— WORK REQUEST —
When you reach a picture, skip it, and retype every line below exactly.

— GIVEN MATERIAL —
▬▬▬▬▬▬

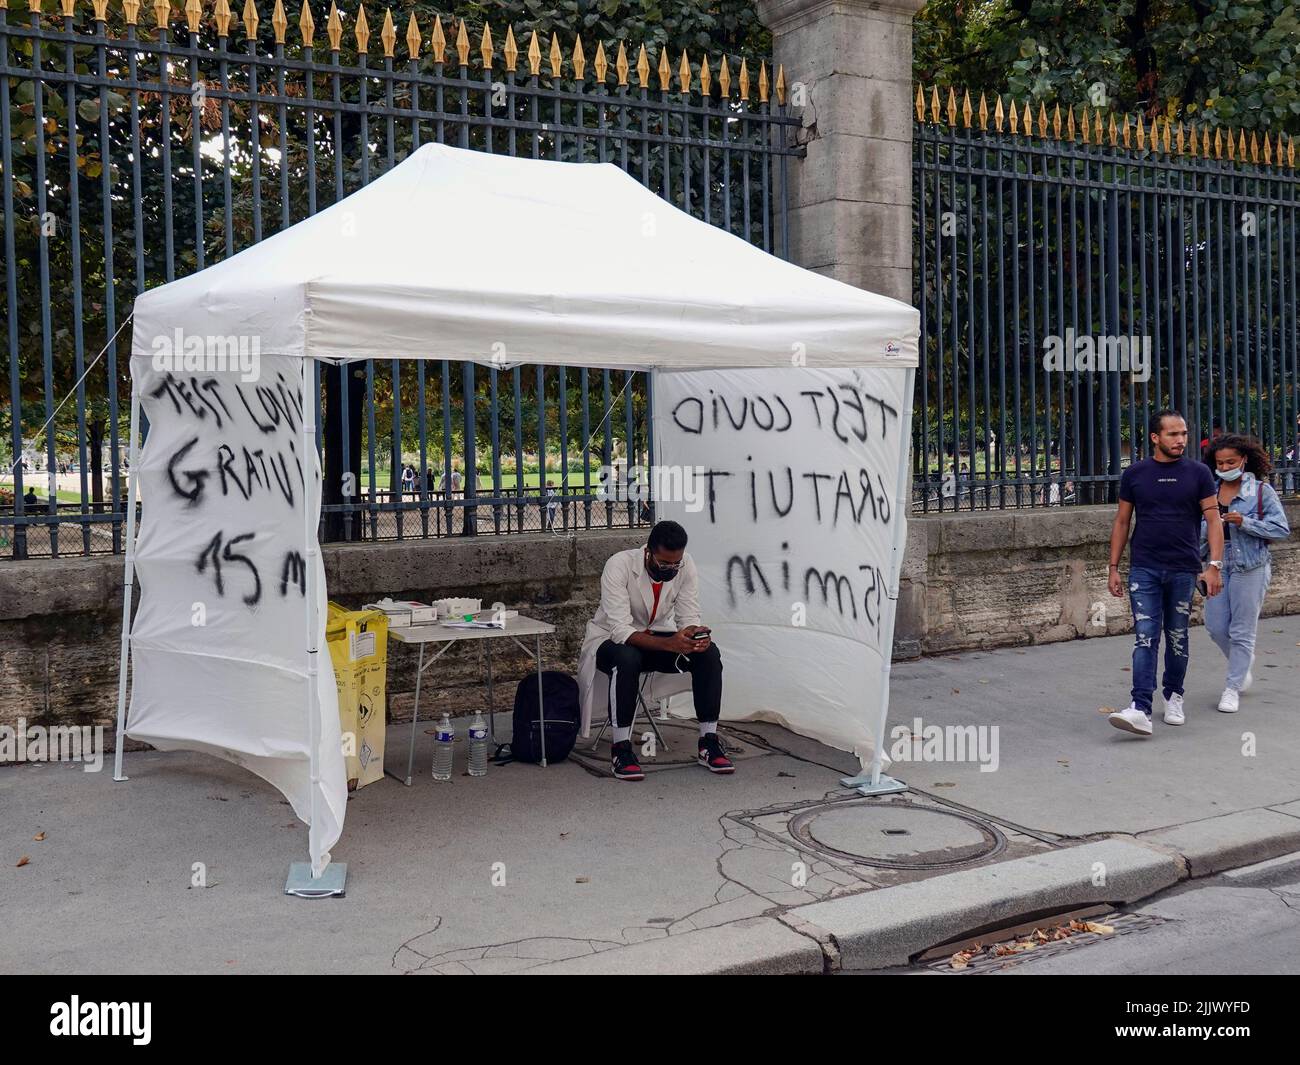 France, Paris, 10 September, 2021. Covid tests stalls on the streets of Paris   Photo © Fabio Mazzarella/Sintesi/Alamy Stock Photo Stock Photo
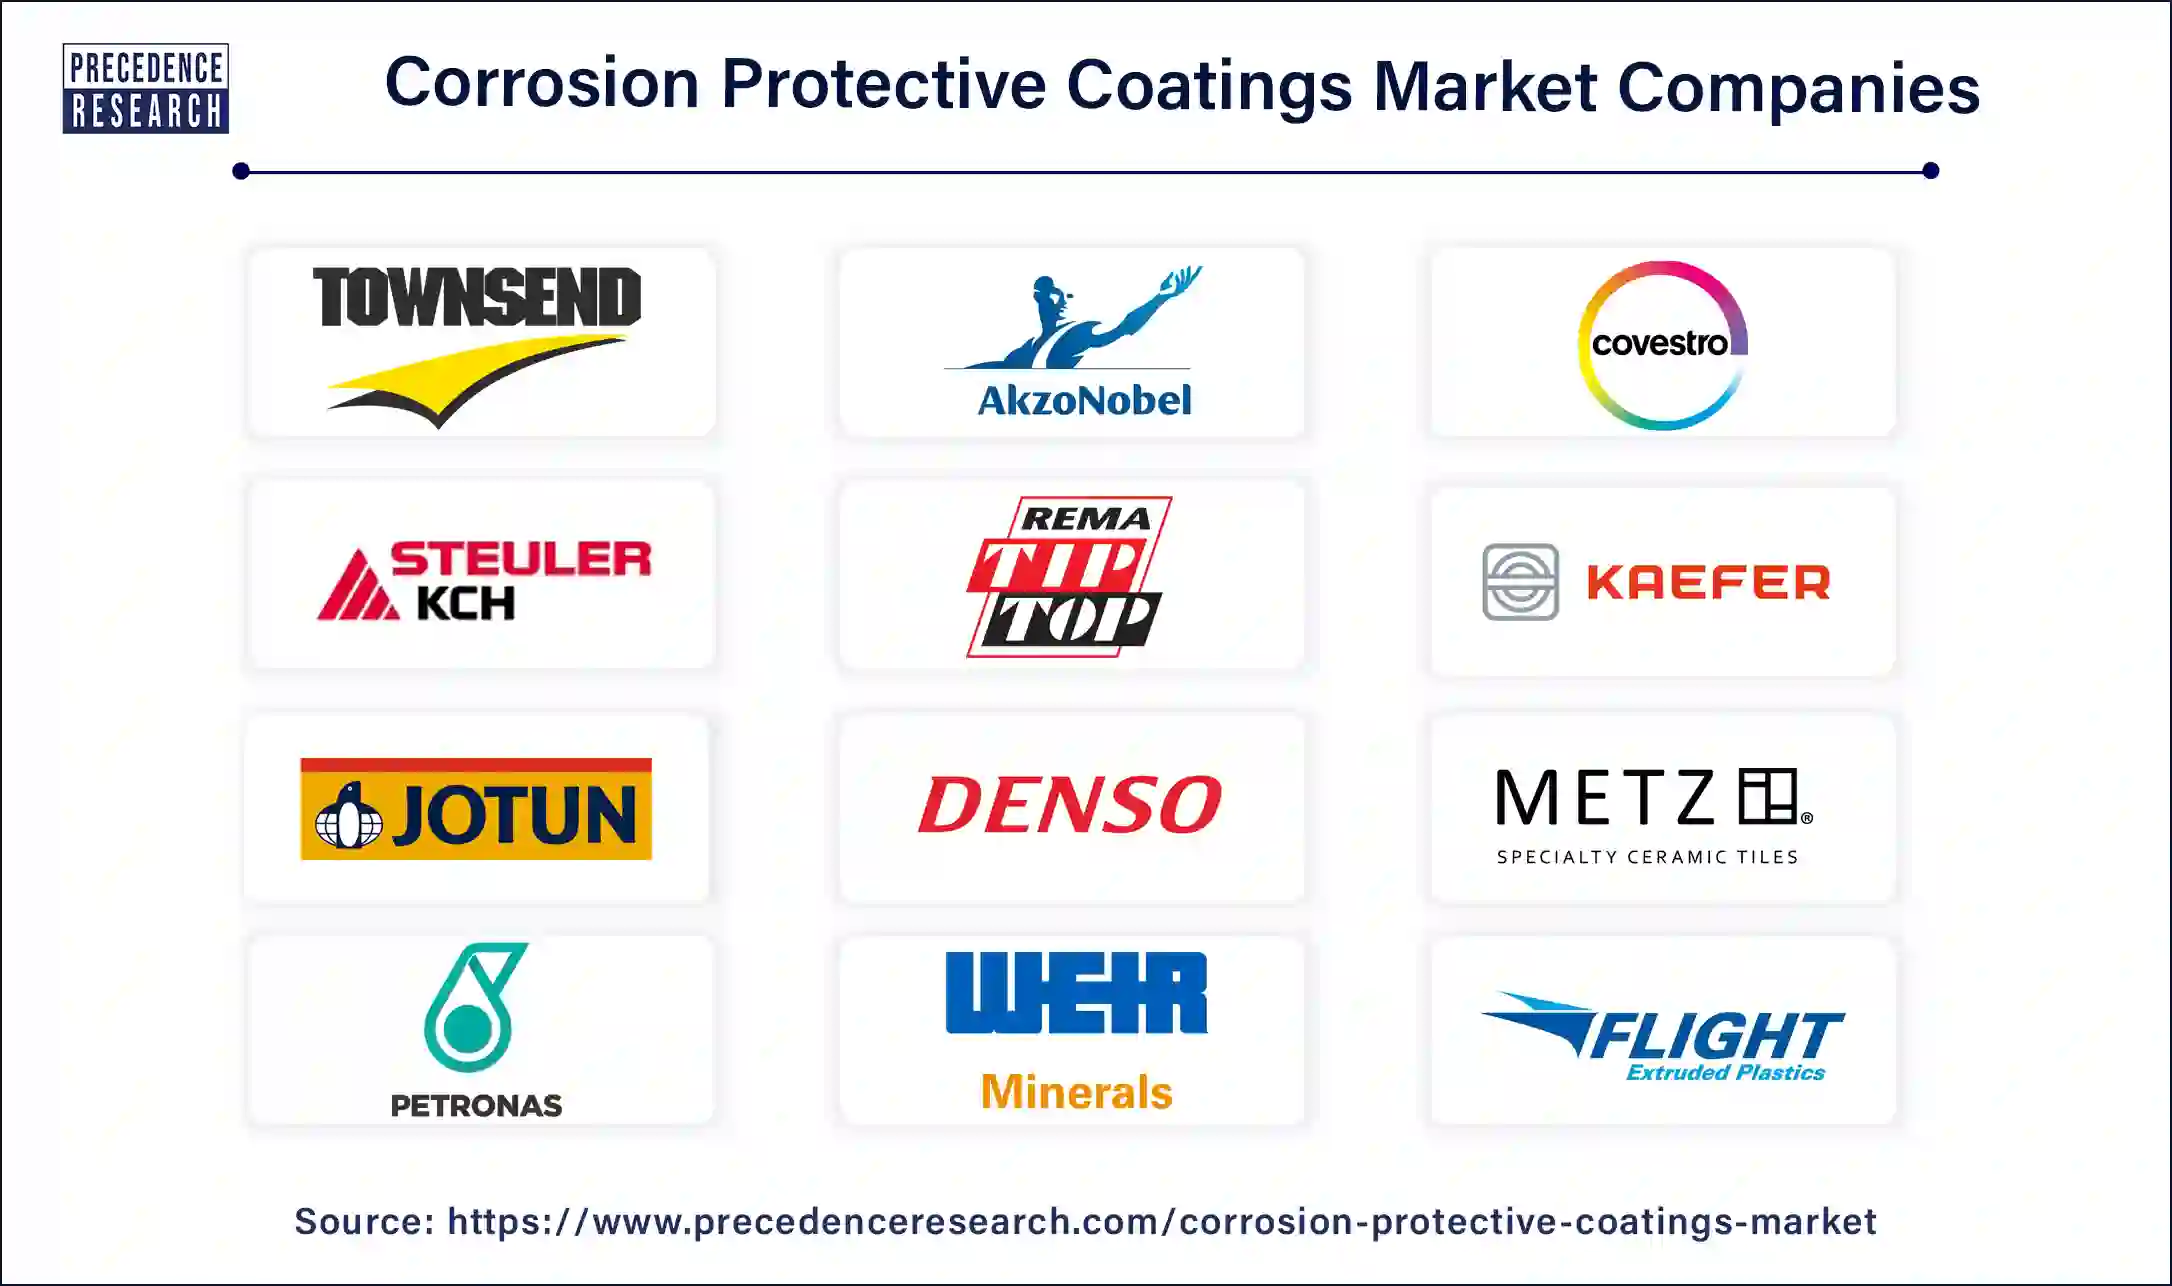 Corrosion Protective Coatings Companies
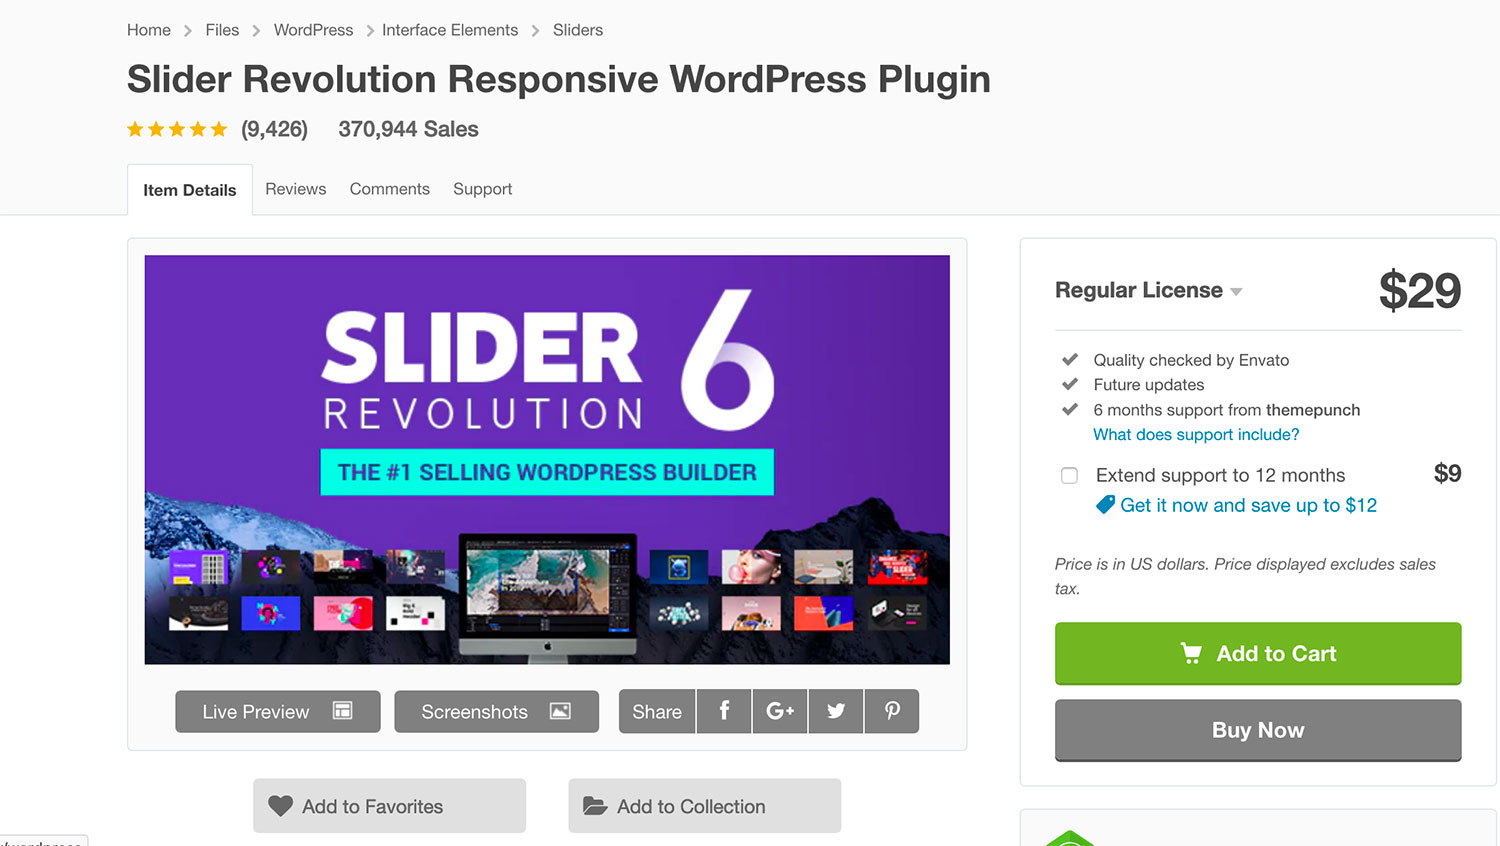 Slider Revolution WordPress Plugin Review – Should You Buy It?

▬▬▬▬▬▬

— RESPONSE AREA —
 France, Paris, 10 September, 2021. Covid tests stalls on the streets of Paris   Photo © Fabio Mazzarella/Sintesi/Alamy Stock Photo Stock Photo
 Corrosion Protective Coatings Companies
 Slider Revolution WordPress Plugin Review – Should You Buy It?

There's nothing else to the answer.